Crikeyalmighty · 02/03/2023 16:06

@DoTheyNeed nip this in the bud now and have it out. Don't give him warning. I was suspicious of my H many years ago about the amount of texting going on between my H and some young woman who did bits of work with us - I could see it on the phone statements. I mentioned it and was told it was all work related and I was being silly. Many years later totally by chance I found a drawer full of poems and songs he wrote about this person and his feelings. (She was 21, he was 41) He then said it was just a crush , that nothing happened. I'm afraid something did happen for me, I lost respect and a light kind of went out about how I felt. We have remained married and I do care , but I've never trusted 100% again or felt quite the same. If I had found this stuff at the time it happened I would have ended things- purely because of the total lack of respect and kindness and loyalty .

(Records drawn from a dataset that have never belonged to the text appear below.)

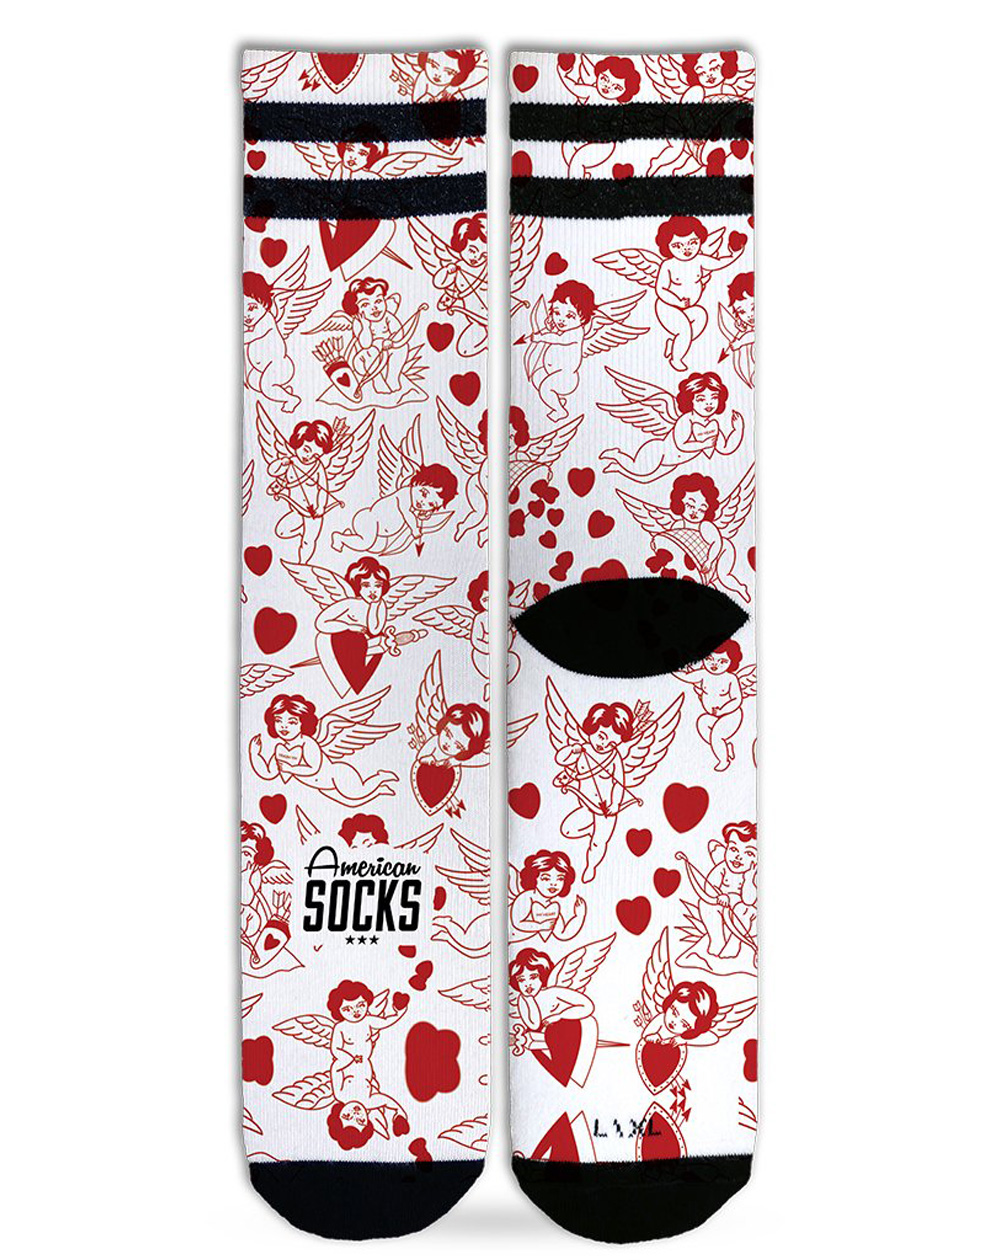 American Socks Valentine Calzini Unisex Adulto
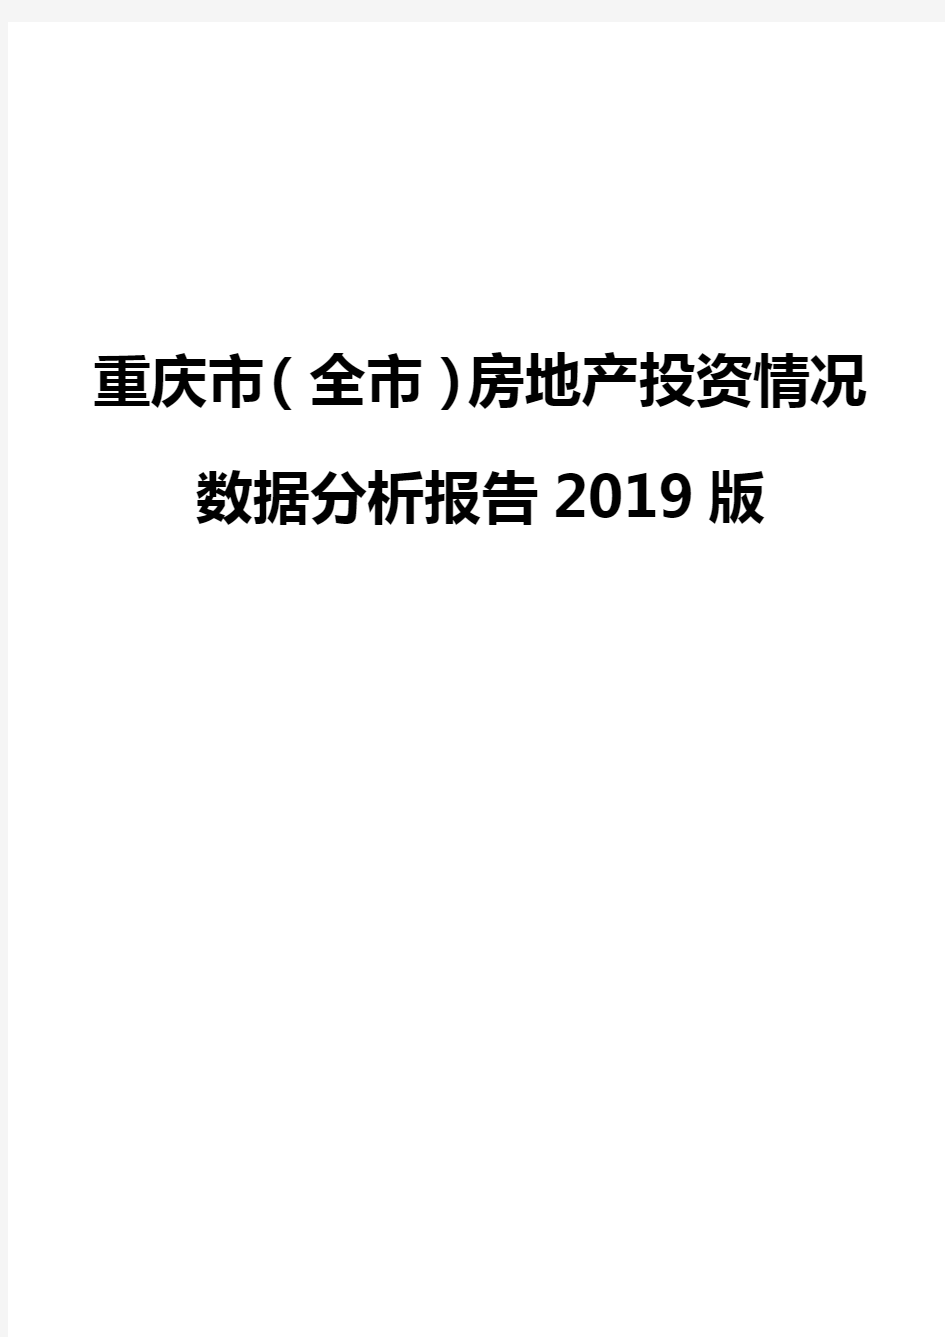 重庆市(全市)房地产投资情况数据分析报告2019版
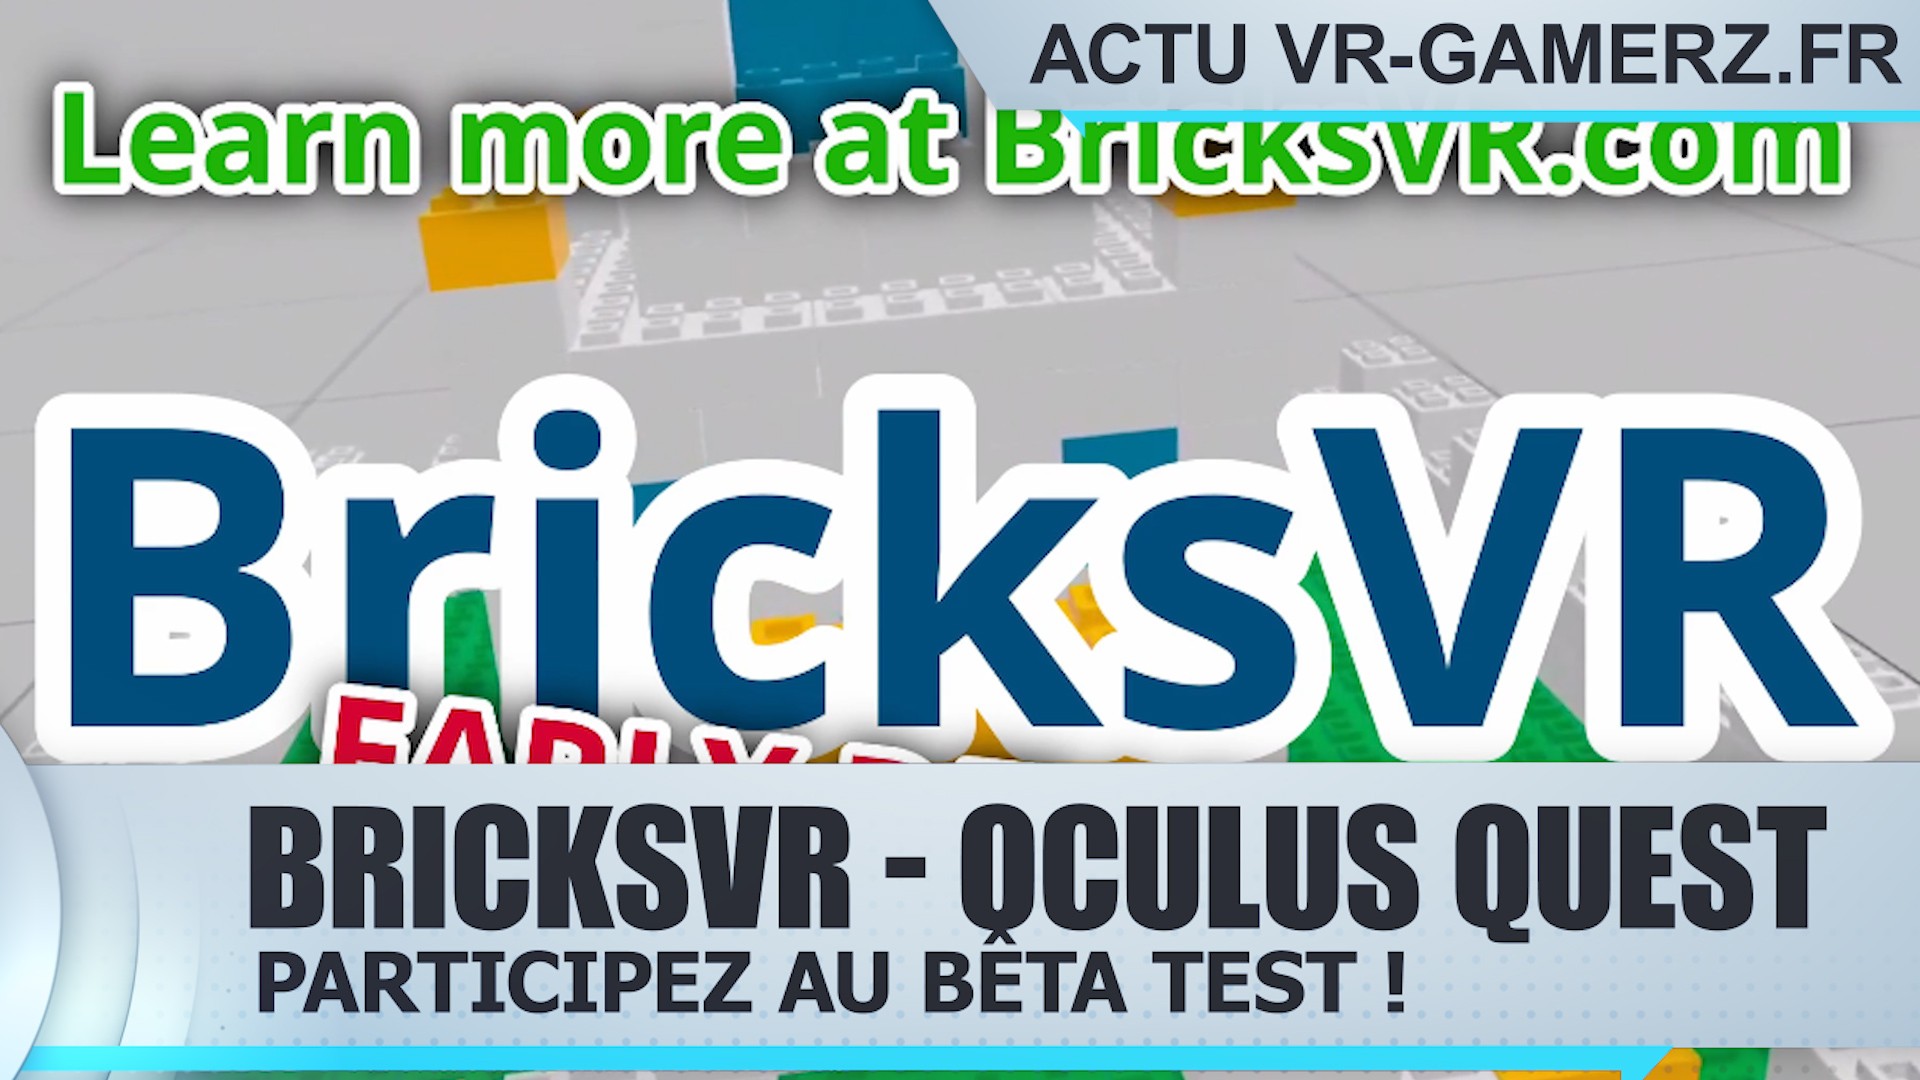 BricksVR Oculus quest : Participez à la bêta !
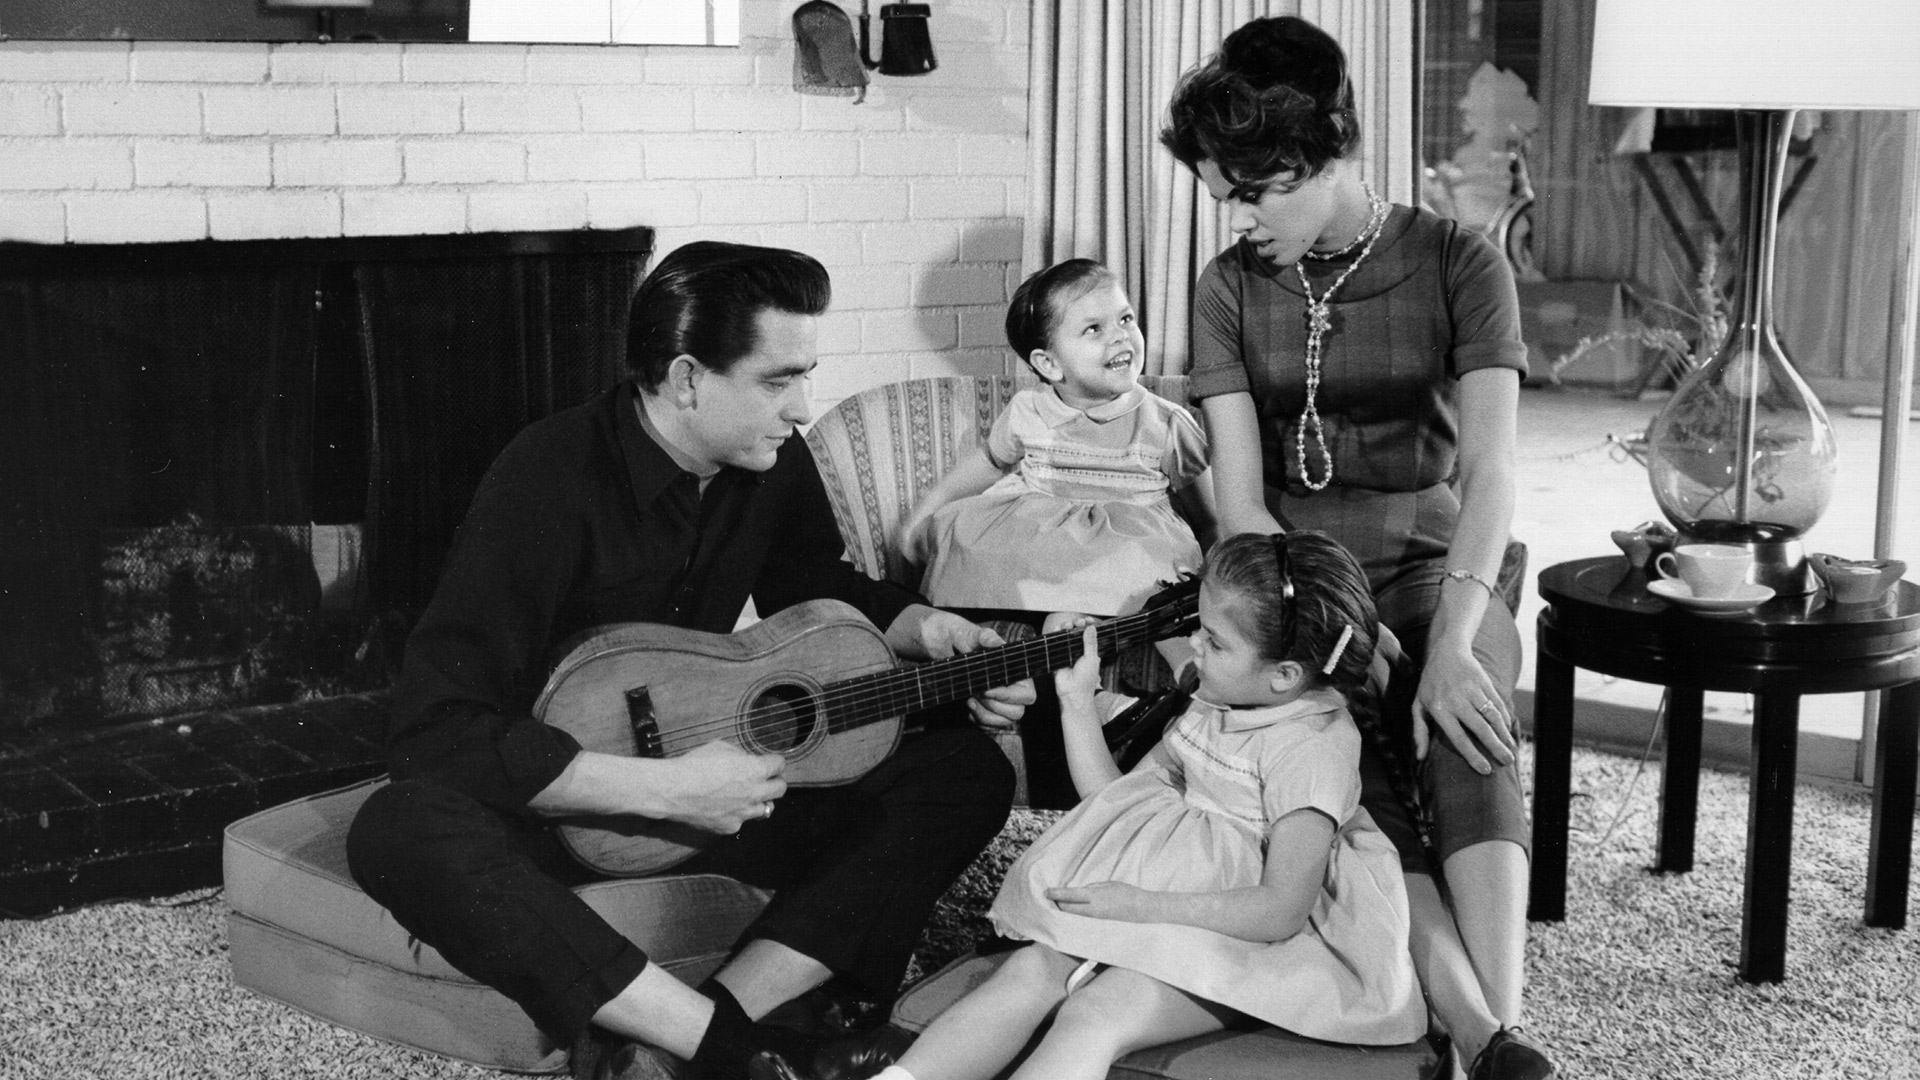 El cantante y compositor de música country Johnny Cash con una guitarra mientras su primera esposa, Vivian Liberto, y sus hijas, Rosanne y Kathy comparten un momento distendido, en 1957.
(Photo by Michael Ochs Archives/Getty Images)

DosCervezas · 02/03/2023 17:09

The simple rule is that anything secretive and kept from you indicates his liaison is likely to be unfaithful at some level. Openness and full disclosure from him about his friendship suggests he has nothing to hide.
But affairs can and do happen from friendships which start as out in the open and some innocent friendships might be kept more secret, for an easy life,due to uncertainty how a partner will react to an opposite sex friendship, especially if jealousy has been an issue. Honesty always works best. I know this mightn't help much!